“There’s a sucker born every minute.” ~ Source Unknown/Disputed There is no shortage of new victims, or of con men, or of honest men.

Americans are bombarded with information on a daily basis. Some of us long for the days before 24-hour news and Social Media. The phrase “24-hour news” is a misnomer. It is a 24-hour commentary mixed with the news. Social Media, which I abandoned more than a year ago, makes it worse. Many of the stories are disinformation, propaganda, or simply somebody’s opinion.
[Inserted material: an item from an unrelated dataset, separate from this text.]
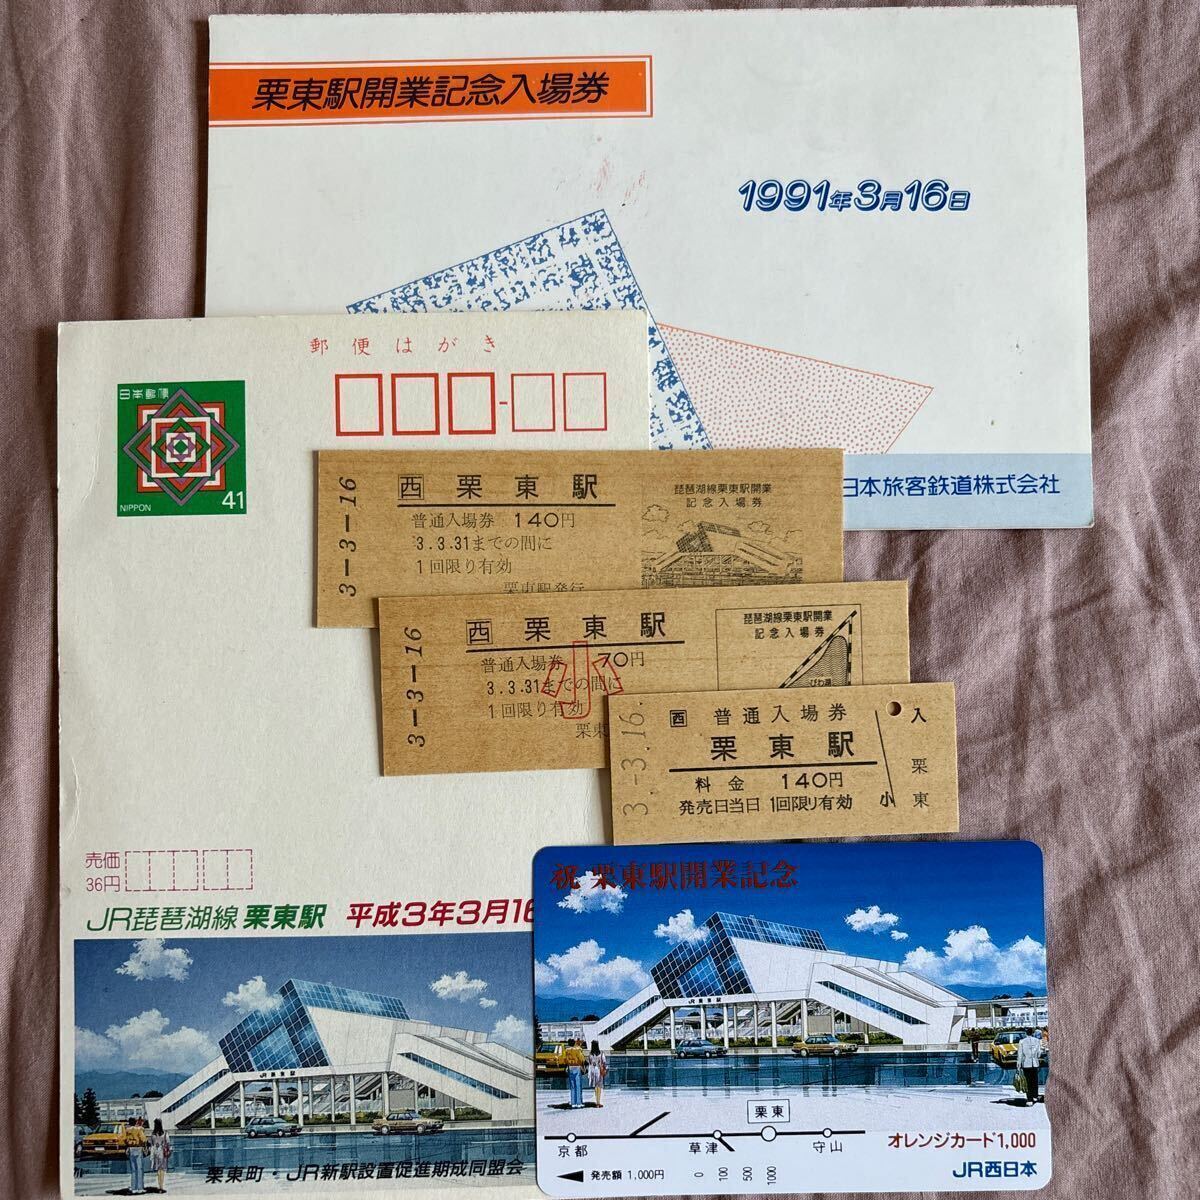 1991年【駅開業記念品】入場券,オレンジカード,ハガキ_画像1

For example, there are reports that Russian soldiers are destroying their equipment and refusing to fight. Some people also believe in the Ghost of Kyiv who supposedly shot down a bunch of Russian fighter jets. Domestically there were those who said Trump was a Russian puppet or some other descriptive word like “agent” et cetera. In addition, we have the Biden laptop scandal. The list goes on and on.

  • The first two examples are samples of propaganda: ideas or statements that may be false or present only one side of an argument that are used in order to gain support for a political leader, party, etc.
  • The one about Trump is disinformation: false information that is given deliberately.
  • The last one about the Biden laptop is a cover-up: action that is taken to hide a mistake or an illegal activity from the public.
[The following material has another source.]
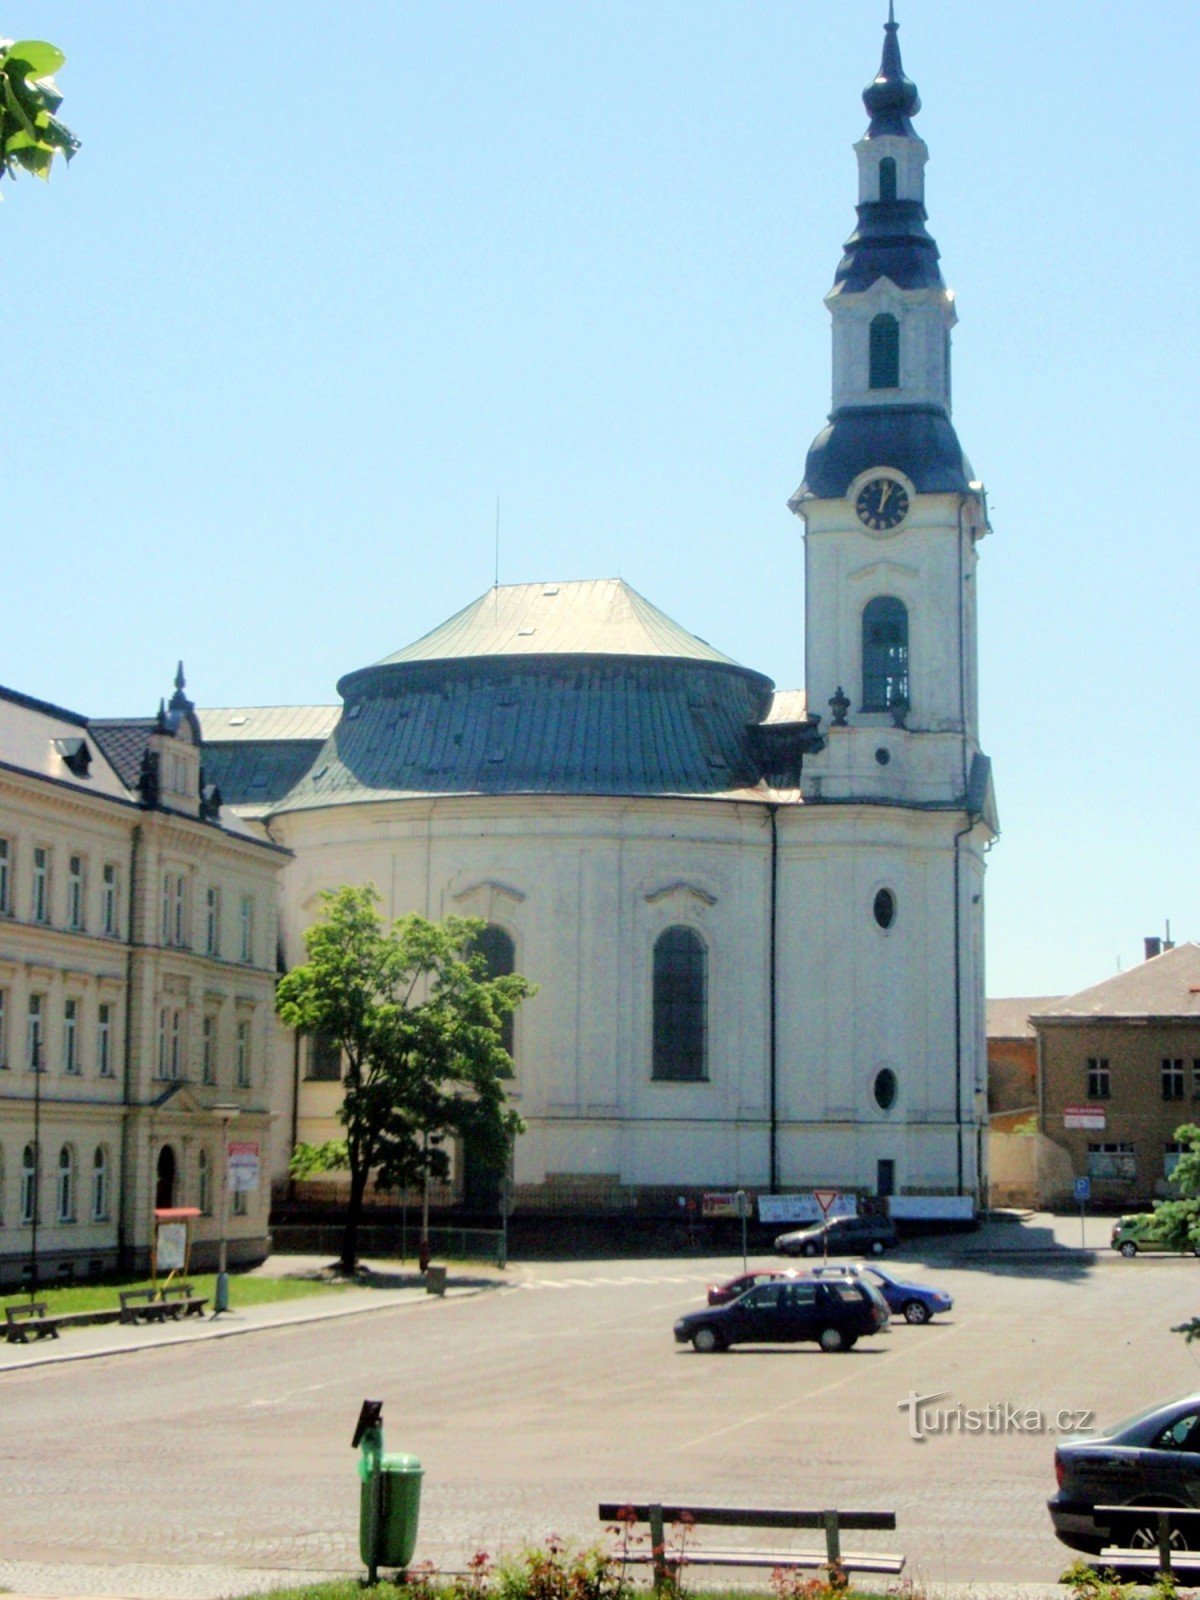 Nový Bor - Church of the Assumption of the Virgin Mary

To be fair there are examples of propaganda and disinformation groups on the right. Factions like QAnon, Alex Jones InfoWars, and sadly some religious groups and individuals are just as guilty.

Deception involves telling a partial truth. If a person or organization lies most or all the time then few will believe them. Deceivers must also appeal to emotion rather than intellect. If they appeal to the intellect rather than emotion then people will more easily uncover the parts of the story that are false, misleading, or out of context. Emotions can eradicate your analytical thinking skills and make you more susceptible to propaganda, disinformation, or cover-up storylines.


As stated in the title, there are negative outcomes. Below are just a few.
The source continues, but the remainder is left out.